Understand the historical reasons why certain challenges exist. Understand the political reasons why challenges persist.

Plan For The Worst

Don’t be surprised if you take a new role and are immediately thrown into an incident or other significant situation. You may not have had time to review playbooks or processes, but you can still fall back on your prior experience to guide the team through this event and learn from it. Most importantly, you can use this experience to identify key talent and let them lead, while you observe and take notes. You can also use your observation of the incident to take notes on things that need to be improved such as interaction with non-security groups, when to inform the board, how to communicate with customers or how to improve coordination among your team.

Act With Urgency

Your first few months in the role are extremely vulnerable periods for both you and the company. During this period you won’t have a full picture of the risks to the business and you may not have fully developed your long term plan. Despite these challenges, you still need to act with urgency to gain an understanding of the business and the risk landscape as quickly as possible. Build on the existing program (if any) to document your assumptions, discoveries, controls and risks so you can begin to litigation proof your org. Map the maturity of security controls to an industry framework to help inform your view of the current state of risk at the company. Begin building out templates for communicating your findings, asks, etc. to both the board and your peers. Most importantly, the company will benefit from your fresh perspective so be candid about your findings and initial recommendations.

Evaluate The Security Org

In addition to the recommendations above, one of the first things I like to do is evaluate the org I have inherited. I try to talk to everyone and answer a few questions:

Is the current org structure best positioned to support the rest of the business?
How does the rest of the business perceive the security org?
Where do we have talent gaps in the org?
What improvements do we need to make to culture, diversity, processes, etc. to optimize the existing talent of the org?

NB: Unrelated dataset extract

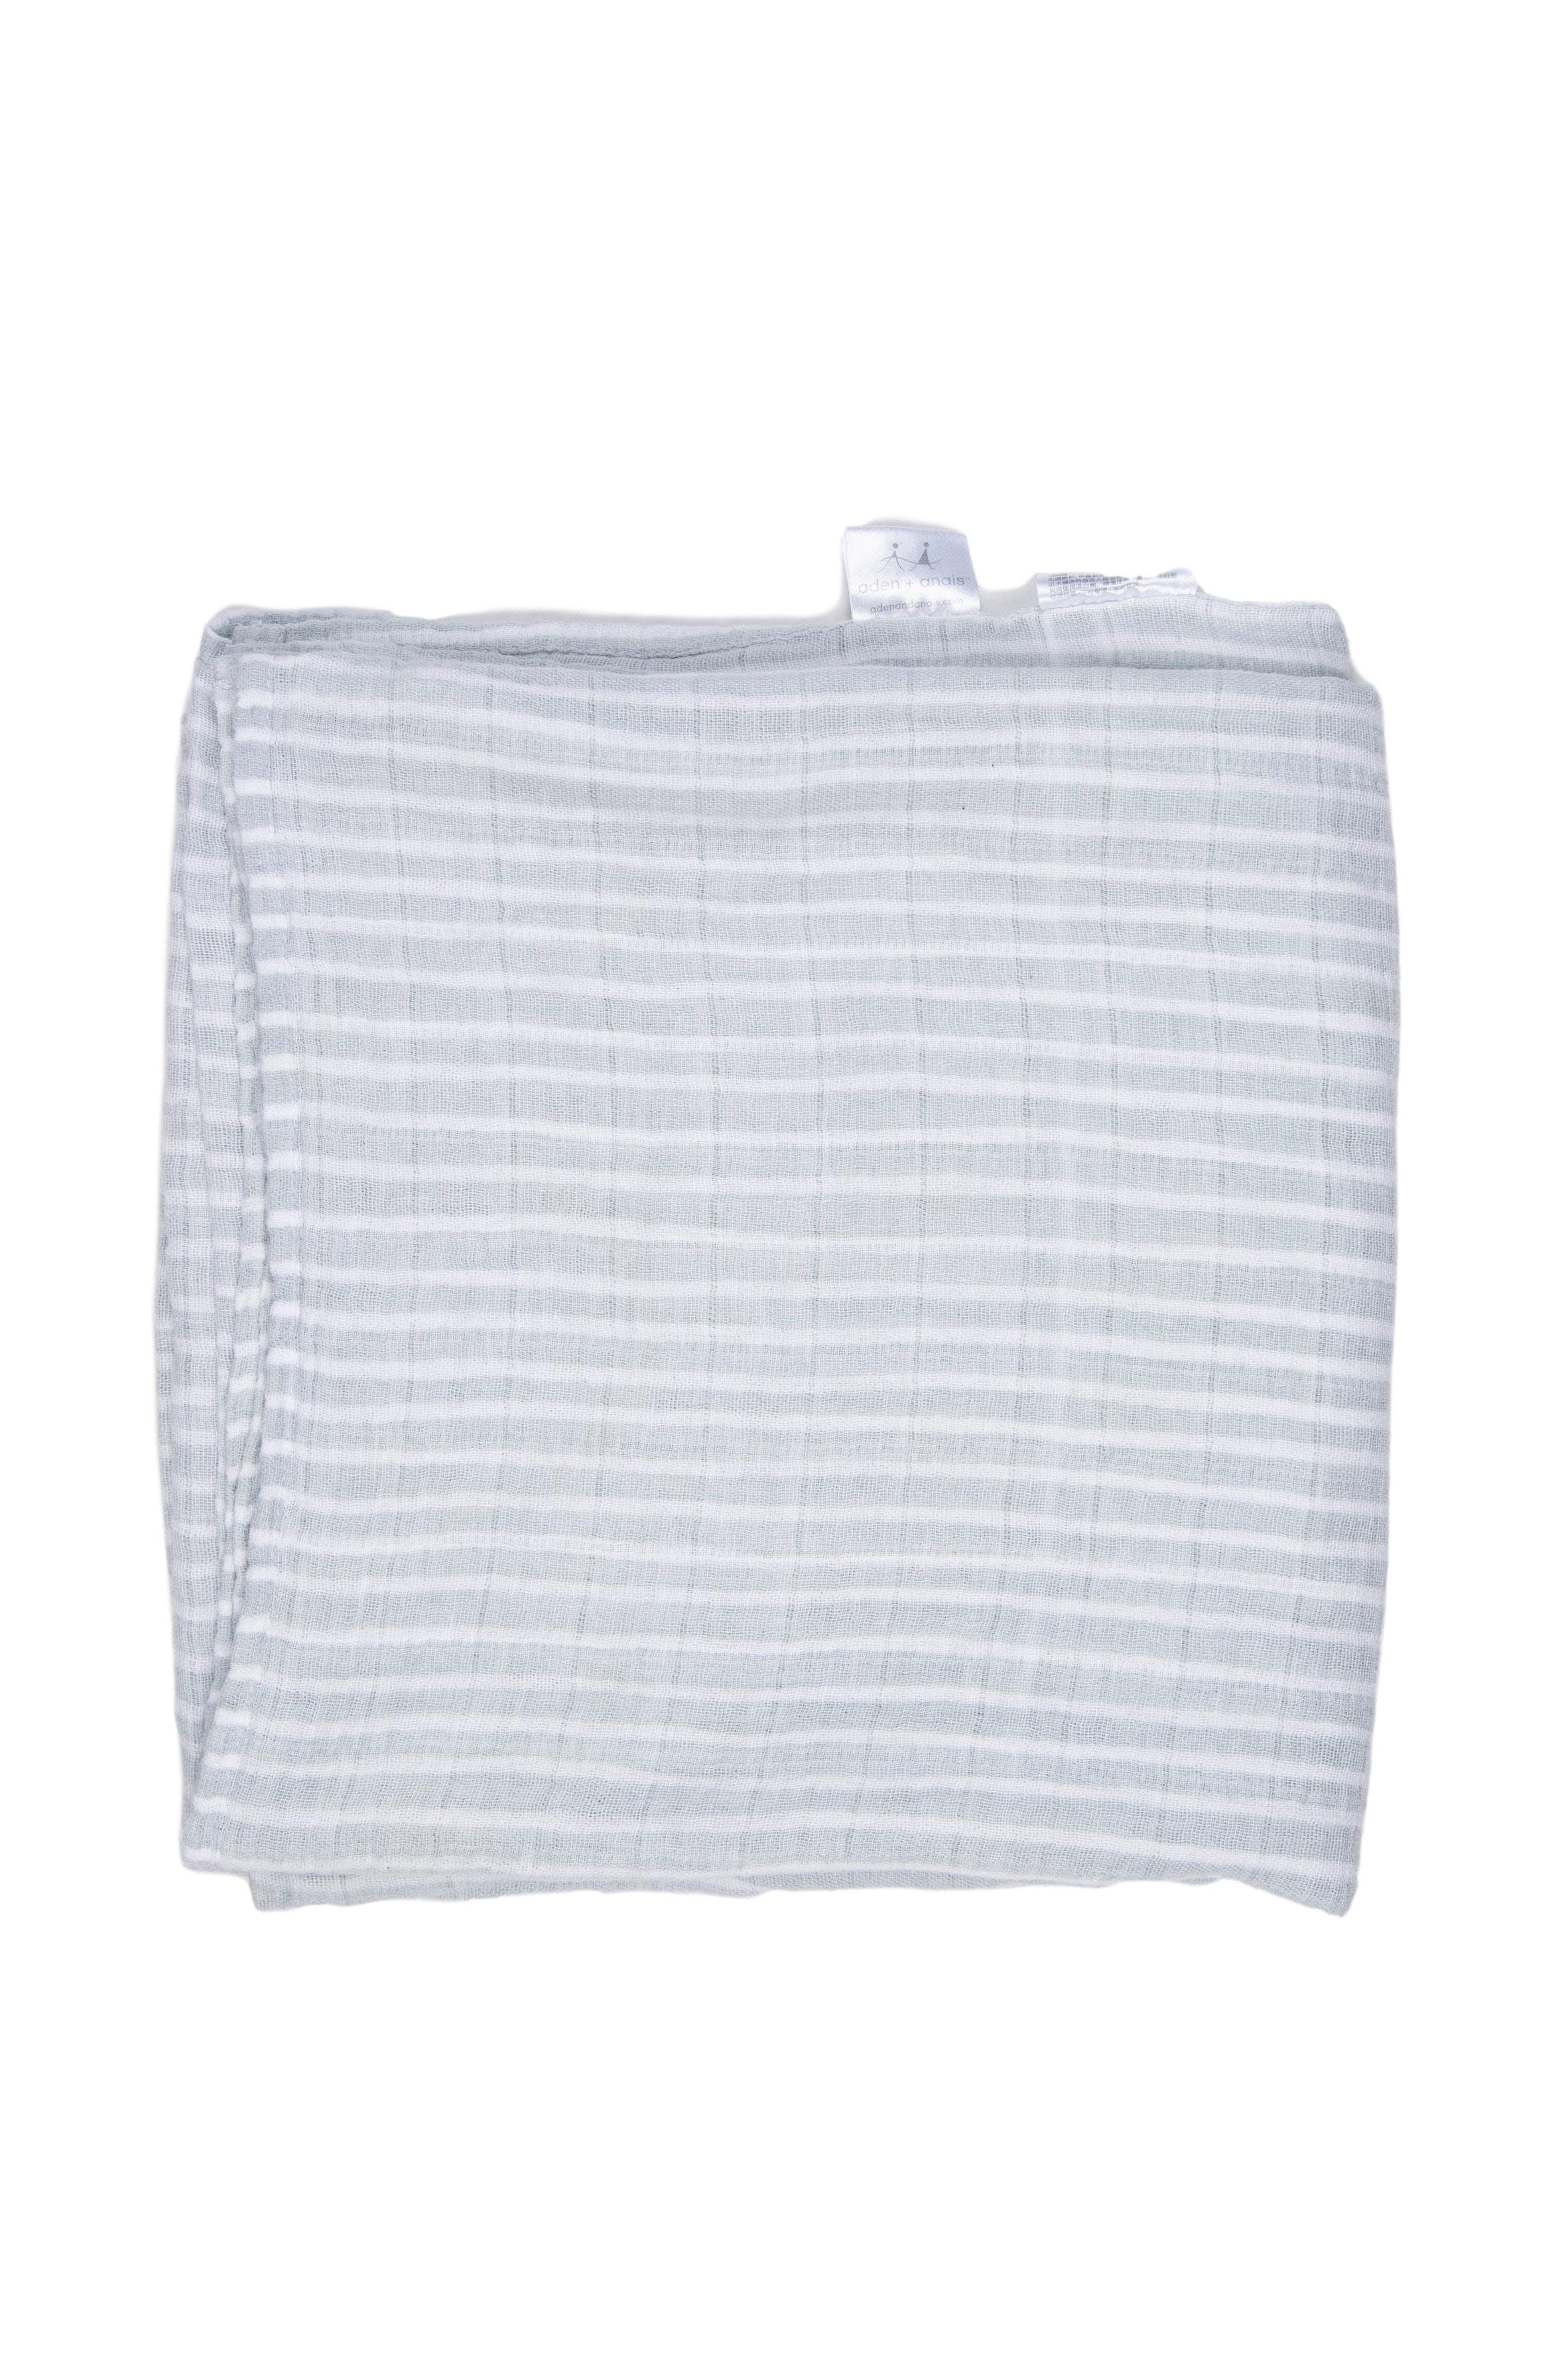 paños de muselina 100% algodón, rayado, tamaño 1.20 x 1.20 (tiene una pequeña mancha en una esquina, no perceptible a simple vista) - Aden+anais

Answering these questions may require you to work with your HR business partner to build out new role definitions and career paths for your org. You may also need to start a diversity campaign or a culture improvement campaign within the security org. Most importantly, evaluate the people in your org to see if you have the right people in the right places with the right skillsets.

A Plan Takes Shape

As you glide past the 90 day mark and start establishing your position as a trusted business partner, you should arrive at a point where a clear vision and strategy is starting to take shape. Use the information you have gathered from your peers, your program documentation and your observations to start building a comprehensive plan and strategy. I’ve documented this process in detail here. In addition to building your program plan you can also begin to more accurately communicate the state of your security program to senior leaders and the board. Show how much the existing program addresses business risk and where additional investment is needed. I’ve documented a suggested process here. Somewhere between your 90 and 180 day mark you should have a formalized plan for where you are over invested, under invested or need to make changes to optimize existing investment. This could include restructuring your org, buying a new technology, adjusting contractual terms or purchasing short term cyber insurance. It could even include outsourcing key functions of the security org for the short term, until you can get the rest of your program up to a certain standard. Most importantly, document how you arrived at key decisions and priorities.

Take Care Of Yourself

Lastly, on a personal note, make sure to take care of yourself. Starting a new role is hectic and exciting, but it is also a time where you can quickly overwork yourself. Remember building and leading a successful security program is a marathon not a sprint. The work is never done. Get your program to a comfortable position as quickly as possible by addressing key gaps so you can avoid burning yourself out. Try to establish a routine to allow for physical and mental health and communicate your goals to your business partners so they can support you.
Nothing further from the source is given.